Plants serve a variety of purposes. They convert carbon dioxide into oxygen for human beings, they act as a source of food for both animals and humans, they even can be used as fertilizer for other plants, and lately it seems that they have even been experimented on where scientists attempt to find out if plants can make a suitable replacement for wires. Wires are typically made from metal, such as copper, which is a scarce material and not exactly one that we can “grow”. Safe to say there will be a point in time where we run out of copper, with estimates that our copper reserve could run out in 25 years.
This has prompted researchers at the University of West England to conduct an experiment in which they try to use lettuce to conduct electricity. This experiment is apparently an extension of work done on slime mould, but because slime mould is very fragile and highly dependent on environmental conditions, it makes it hard to control and constrain, versus plants which are more resilient and have a better chance of surviving a hostile environment compared to slime mould. To conduct their experiment, the scientists used a four day old lettuce seedling in which two electrodes were connected.

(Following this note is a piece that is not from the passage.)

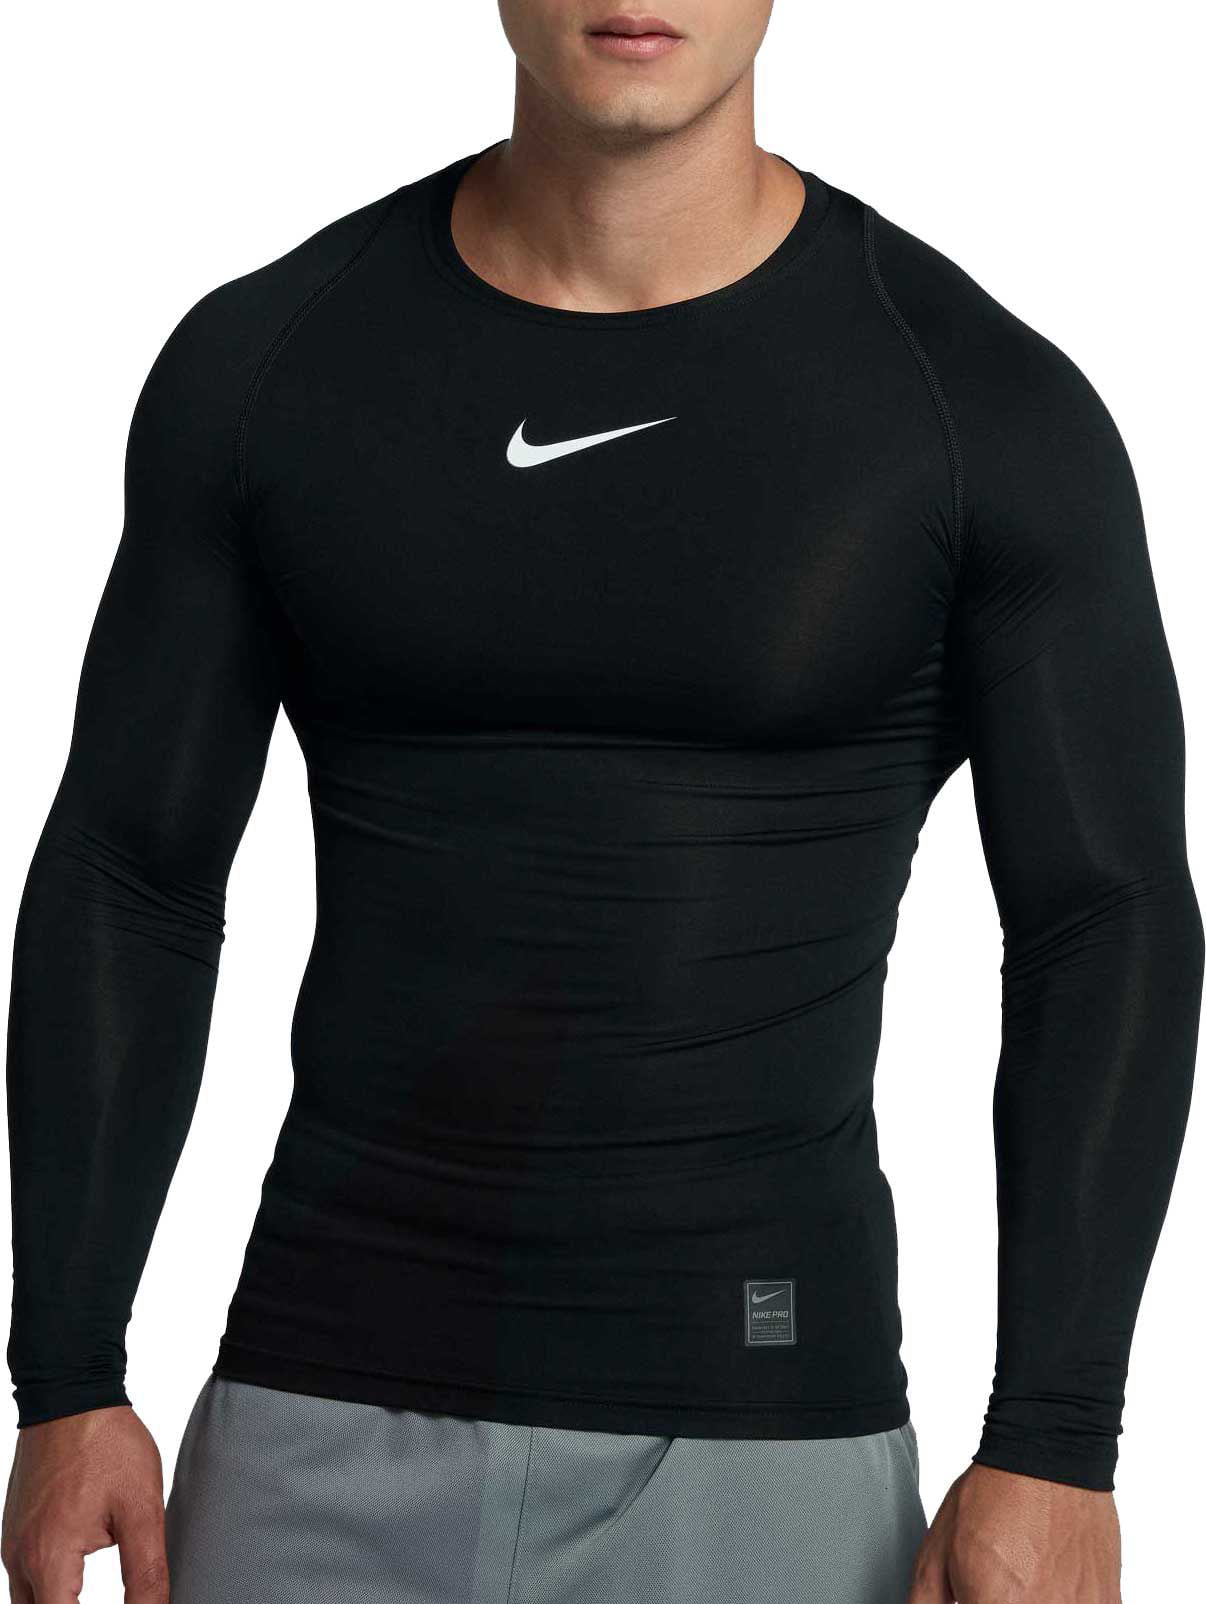 Nike Men's Pro Long Sleeve Compression Top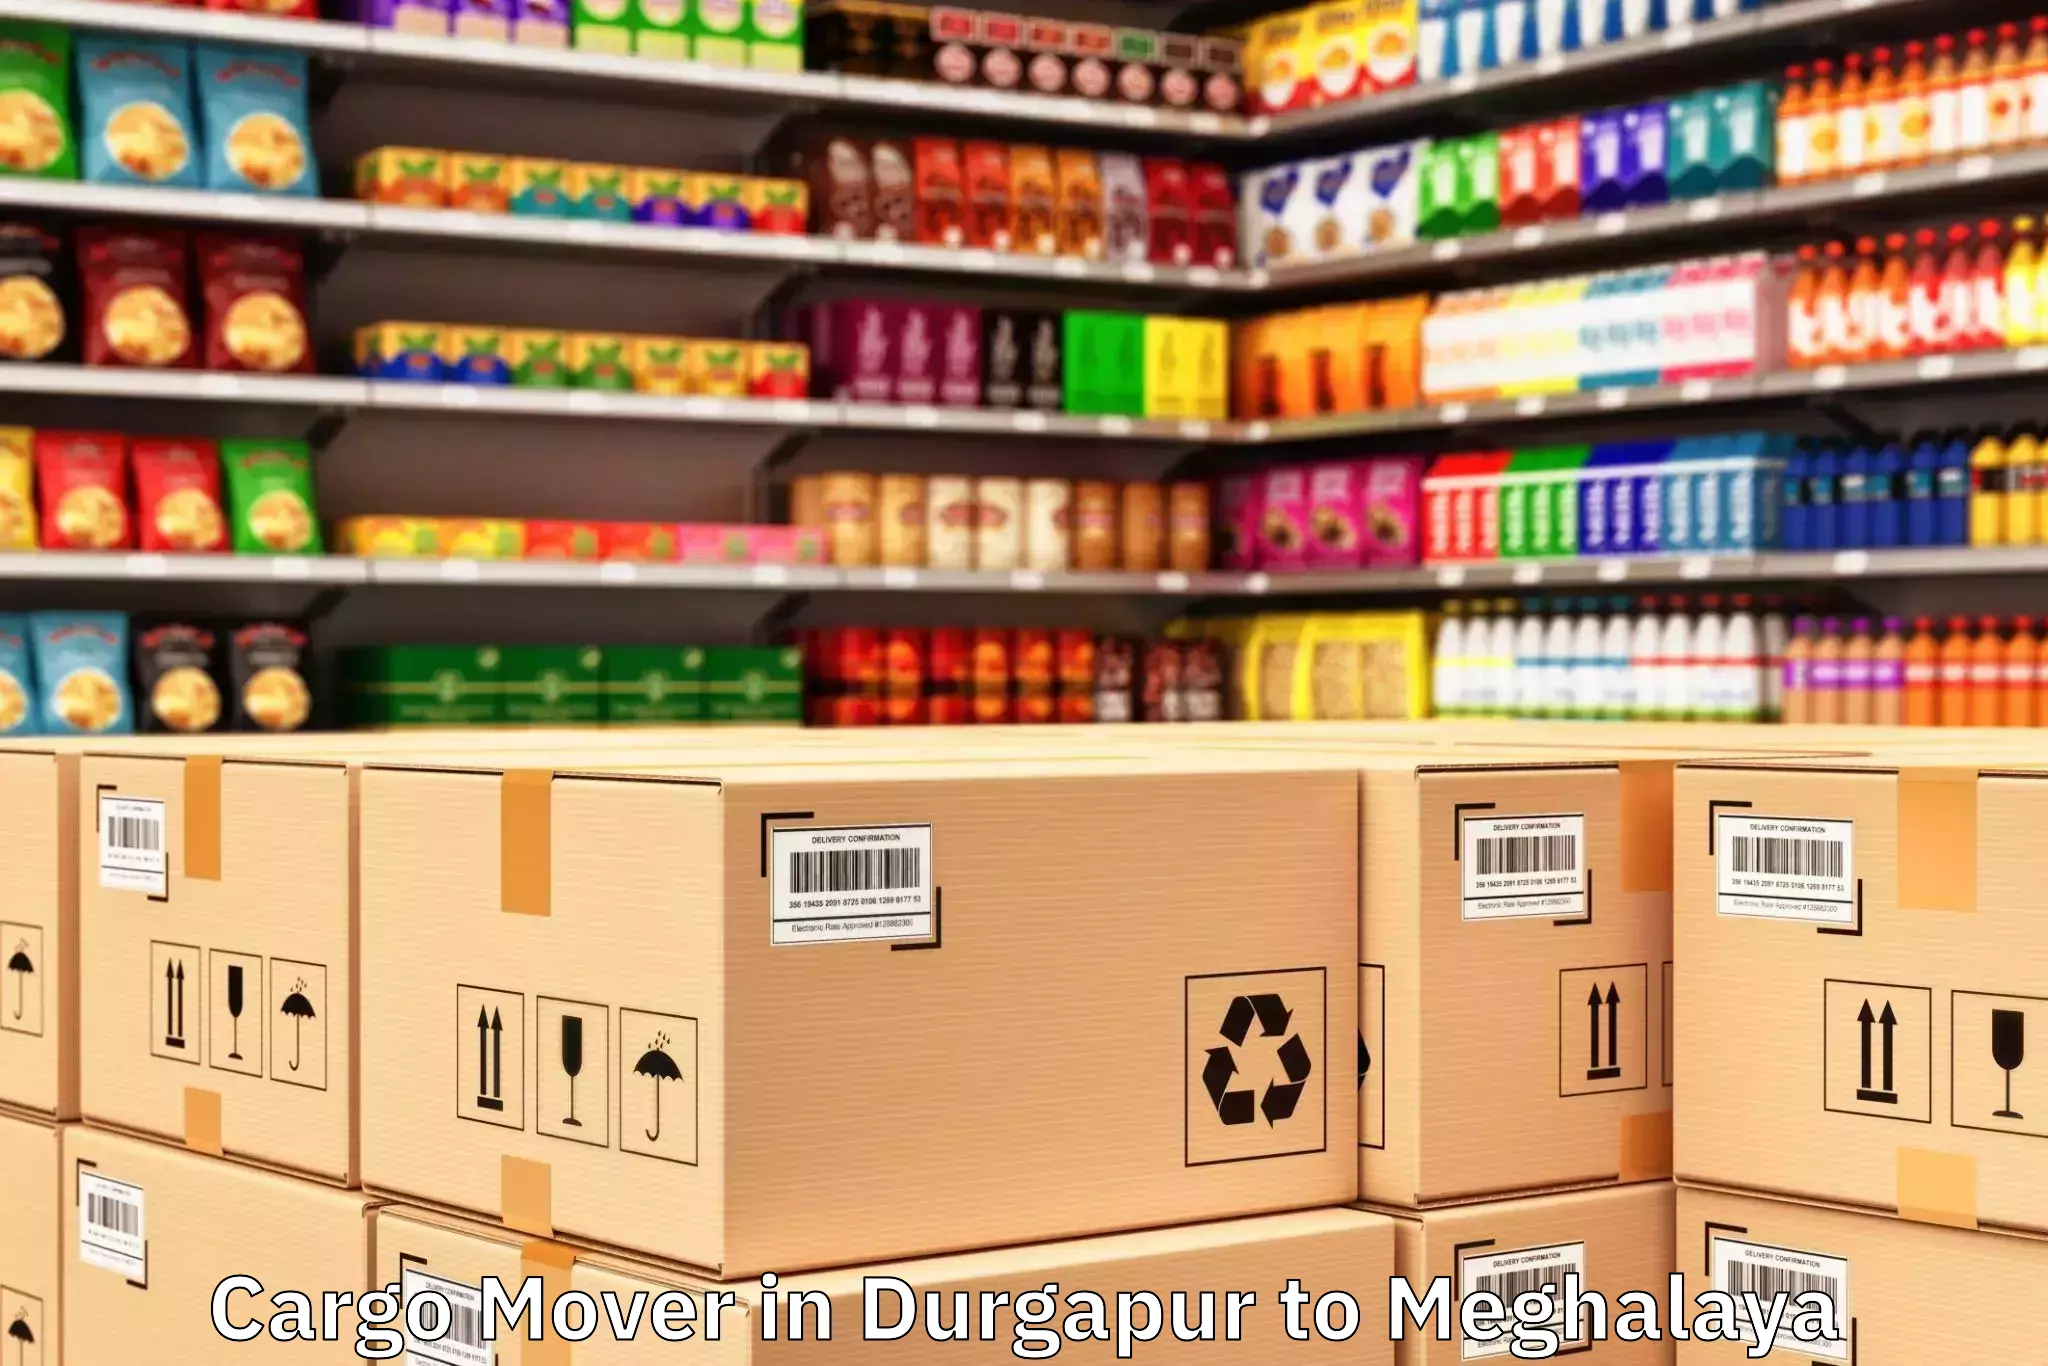 Easy Durgapur to Meghalaya Cargo Mover Booking

While it turns out that the lettuce was able to conduct electricity, it proved to be a “noisy” wire and oscillated a bit too much, making it not viable for us in sensors or computers. However one of the researchers, Andrew Adamtzky, believes that it is possible to use plants as conductors, but admits that more research needs to be done. “To incorporate plant wires into bio-hybrid self-growing circuits we must develop techniques for reliable routing of the plant roots between living and silicon components of the circuits.” Plants as wires, that could be interesting, don’t you think?